Pandas df.iterrows() parallelization

Question

I would like to parallelize the following code:

for row in df.iterrows():
    idx = row[0]
    k = row[1]['Chromosome']
    start,end = row[1]['Bin'].split('-')

    sequence = sequence_from_coordinates(k,1,start,end) #slow download form http

    df.set_value(idx,'GC%',gc_content(sequence,percent=False,verbose=False))
    df.set_value(idx,'G4 repeats', sum([len(list(i)) for i in g4_scanner(sequence)]))
    df.set_value(idx,'max flexibility',max([item[1] for item in dna_flex(sequence,verbose=False)]))

I have tried to use multiprocessing.Pool() since each row can be processed independently, but I can't figure out how to share the DataFrame. I am also not sure that this is the best approach to do parallelization with pandas. Any help?

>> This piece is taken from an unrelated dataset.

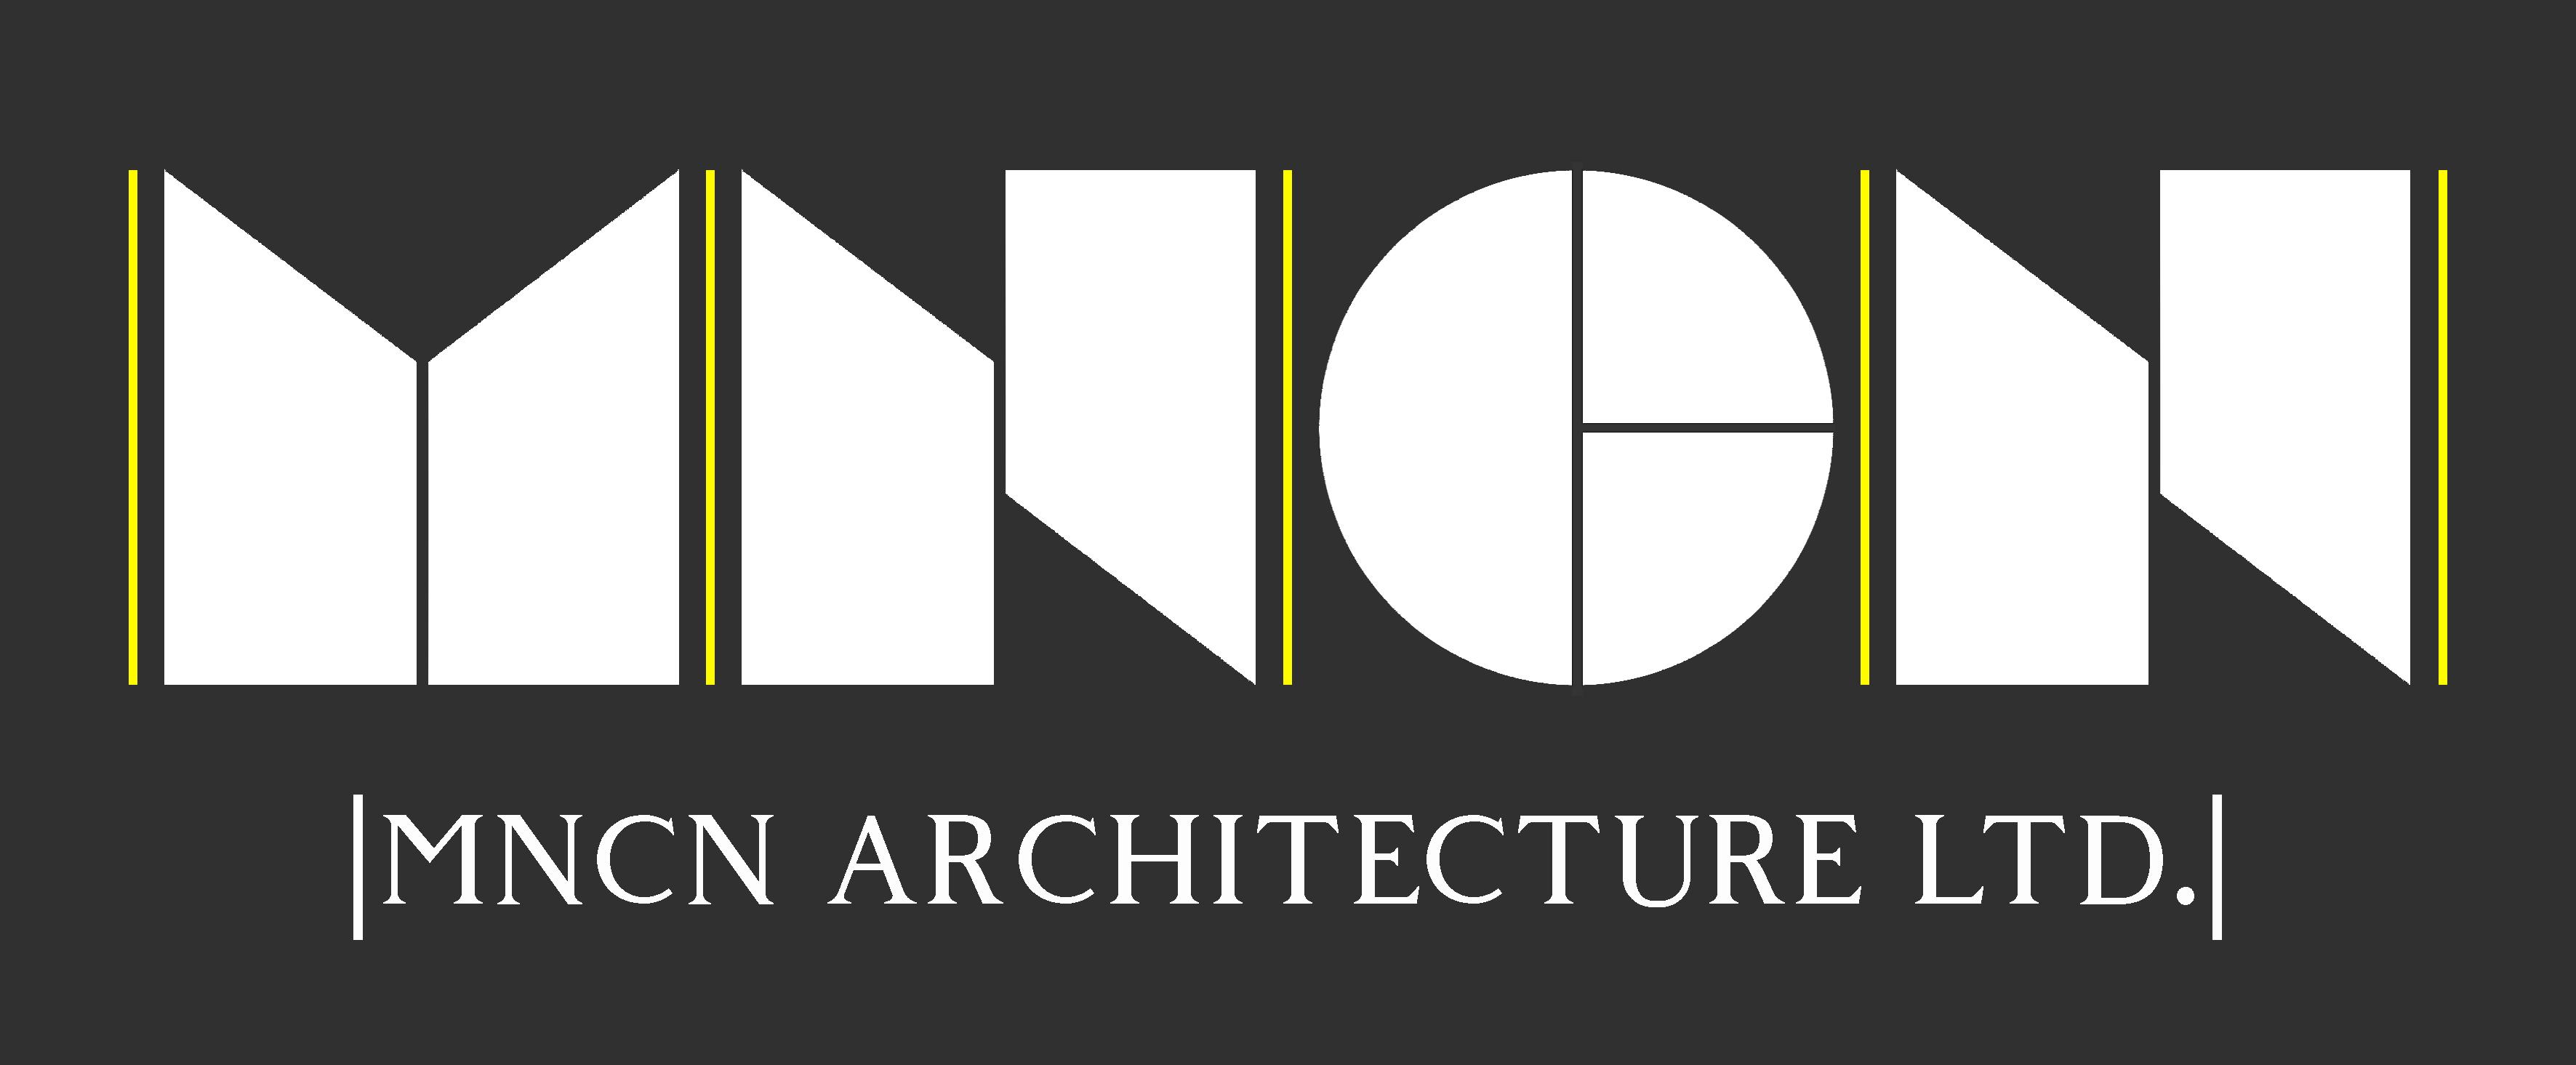 | MNCN ARCHITECTURE LTD. |  HOME |

Your row-wise iteration is slow by default. You can either try to find a way to vectorize your operations and do it without iteration, or you split up your dataframe into a few large chunks and iterate over each chunk parallelly. — Khris
– Khris, Commented Nov 3, 2016 at 12:06
Sure, that's a way to do it. But I am still looking for a better way, if it exist. — alec_djinn
– alec_djinn, Commented Nov 4, 2016 at 10:20
Have you considered using dask? It would do most of the parallelization for you — Zeugma
– Zeugma, Commented Nov 7, 2016 at 2:03

Jinhua Wang · Accepted Answer · 2021-09-18 15:55:00Z

76

+50

As @Khris said in his comment, you should split up your dataframe into a few large chunks and iterate over each chunk in parallel. You could arbitrarily split the dataframe into randomly sized chunks, but it makes more sense to divide the dataframe into equally sized chunks based on the number of processes you plan on using. Luckily someone else has already figured out how to do that part for us:

# don't forget to import
import pandas as pd
import multiprocessing

# create as many processes as there are CPUs on your machine
num_processes = multiprocessing.cpu_count()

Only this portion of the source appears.